This was the hour of Mustafa, the gardener who had worked for all the residents of the neighborhood until they all let him go, for fear of knife-wielding Palestinians. Only the mother went on employing him and occupying herself with him. “Let them fear for their ass if they want to. The only one I’m afraid of is God,” she said. Every morning she was waiting for him with the coffee, and they began with a review of her work: “Nothing to write home about.” She surveyed the paintings with a critical look. “Not so good this time, eh, ya Mustafa?” “Good,” he disagreed. “Why do you say not good? Straight from Paradise they are, those flowers you paint.”

On his face there was always a half-embarrassed, half-ironic smile, and his fingers were long and delicate and manicured as a pianist’s. But the mother envisaged a different future for him. She wanted him to be a muhami: “You should be a lawyer, ya Mustafa, with brains and a tongue like yours, a muhami,” she exhorted him. He walked behind her to the rose bed at the back, the disaster zone. “You see?” She pointed in despair at the wilted bushes, bending down and turning the soil over with her fingers: “It’s all because of this lousy soil, sand and more sand, mafish fayida, there’s nothing to be done with it.” Mustafa knelt at her side, dug his fingers politely into the soil, not because he needed to verify anything, but in order to prove to her that his conclusions were based on empirical research. “Why do you say mafish fayida?” he said after a prolonged silence. “The soil is good, there’s nothing wrong with the soil, very good soil.” The mother spluttered: “How can you say such a thing?” “Behayat elnabi, by the life of the Prophet, the soil is good,” vowed Mustafa, brought new rose plants, planted them, and urged her not to touch them. “Leave it with me,” he said.

Now they visited the new roses, which had not yet bloomed, every morning after the coffee and the paintings: “Nothing,” pronounced the mother bitterly, “these will die from the soil, too.” Mustafa produced a metaphor of his own: “A man at work, does he like people standing over him all the time?” “He doesn’t like it,” the mother said reluctantly. “It’s the same with the roses,” concluded Mustafa. “They don’t like people standing over them either. They, ya sitti, are also working.”

A few days after this he stopped coming, because of the curfew, and he disappeared for long months. “I’m worried about Mustafa not coming. My heart is afraid for him. Who knows what happened to him?” the mother said repeatedly, and she persuaded Sammy to drive her to the village of Yaabad on the West Bank, to look for him. They set out in the morning in Sammy’s pickup and arrived in the afternoon, losing their way among the stone barriers outside the Palestinian villages and the army roadblocks. Mustafa “lost his color” when he saw them: his wife had given birth to a new baby that morning, his fifth. They entered the only room of his house apart from the kitchenette, sat down on the long sofas, which opened up into beds at night, and looked around them: an entire wall of the room was covered with the mother’s flower paintings.

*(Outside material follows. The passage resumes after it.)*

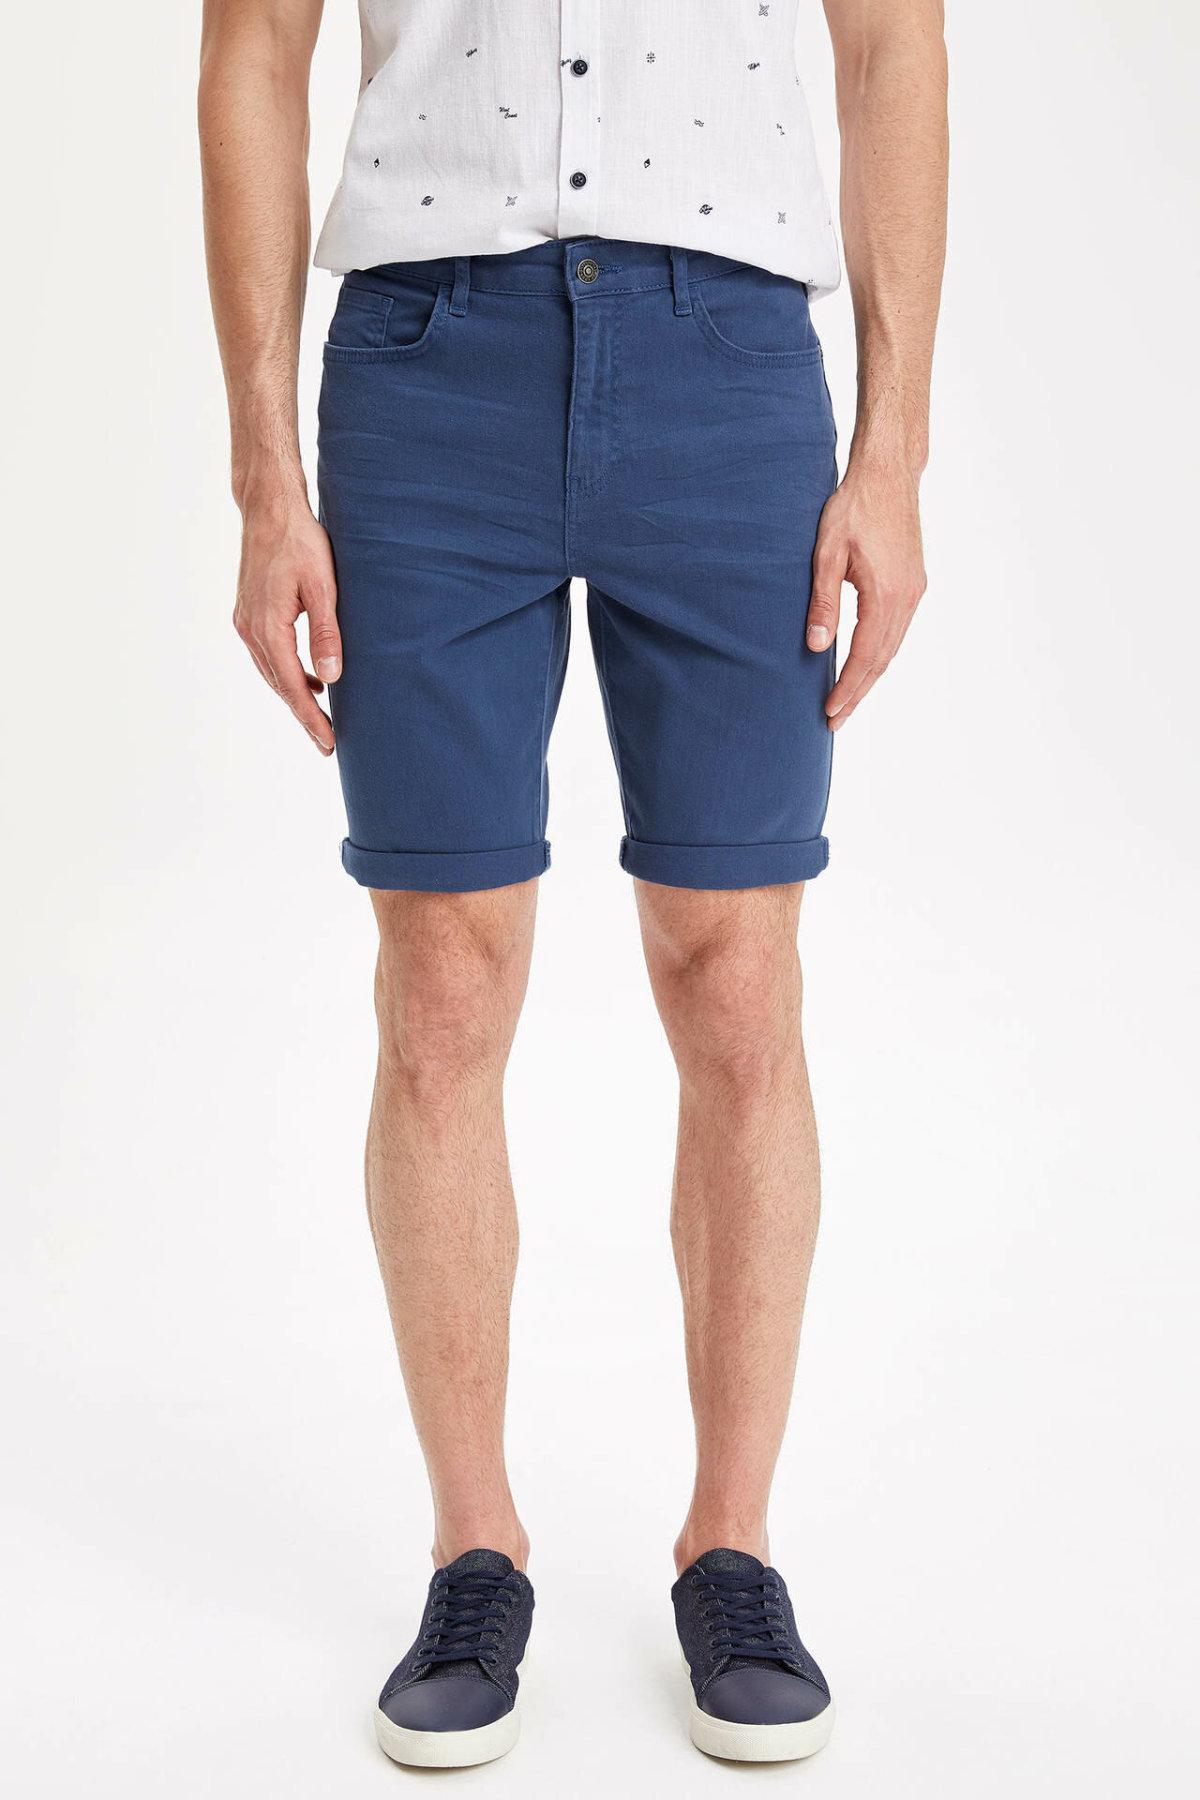 DeFacto Fashion Man Button Shorts Male Casual Zipper Short Pants High Quality Men's Comfortable Shorts Blue - J9772AZ19SM

They were stuck close together, rectangle next to rectangle, with no gaps between them, “like wallpaper,” covering the wall from floor to ceiling, only it seemed that they had been altered a little.

The mother came closer. She almost pressed her nose to the wall and looked: on the areas of the pictures painted brown for the soil, Mustafa’s daughters had stuck real reddish soil, on the green gouache of the leaves they had pasted green leaves from bushes and trees, and on the huge flowers painted burgundy, yellow, and purple — petals of red, yellow, and purple flowers, some of them fresh, most of them already wilted.

ABOUT THE AUTHOR

RONIT MATALON, the author of Bliss and The One Facing Us, among other books, is one of Israel’s foremost writers. Her work has been translated into six languages and honored with the prestigious Bernstein Award; the French publication of The Sound of Our Steps won the Prix Alberto-Benveniste. A journalist and critic, Matalon also teaches comparative literature and creative writing at Haifa University and at the Sam Spiegel Film School in Jerusalem. You can sign up for email updates here.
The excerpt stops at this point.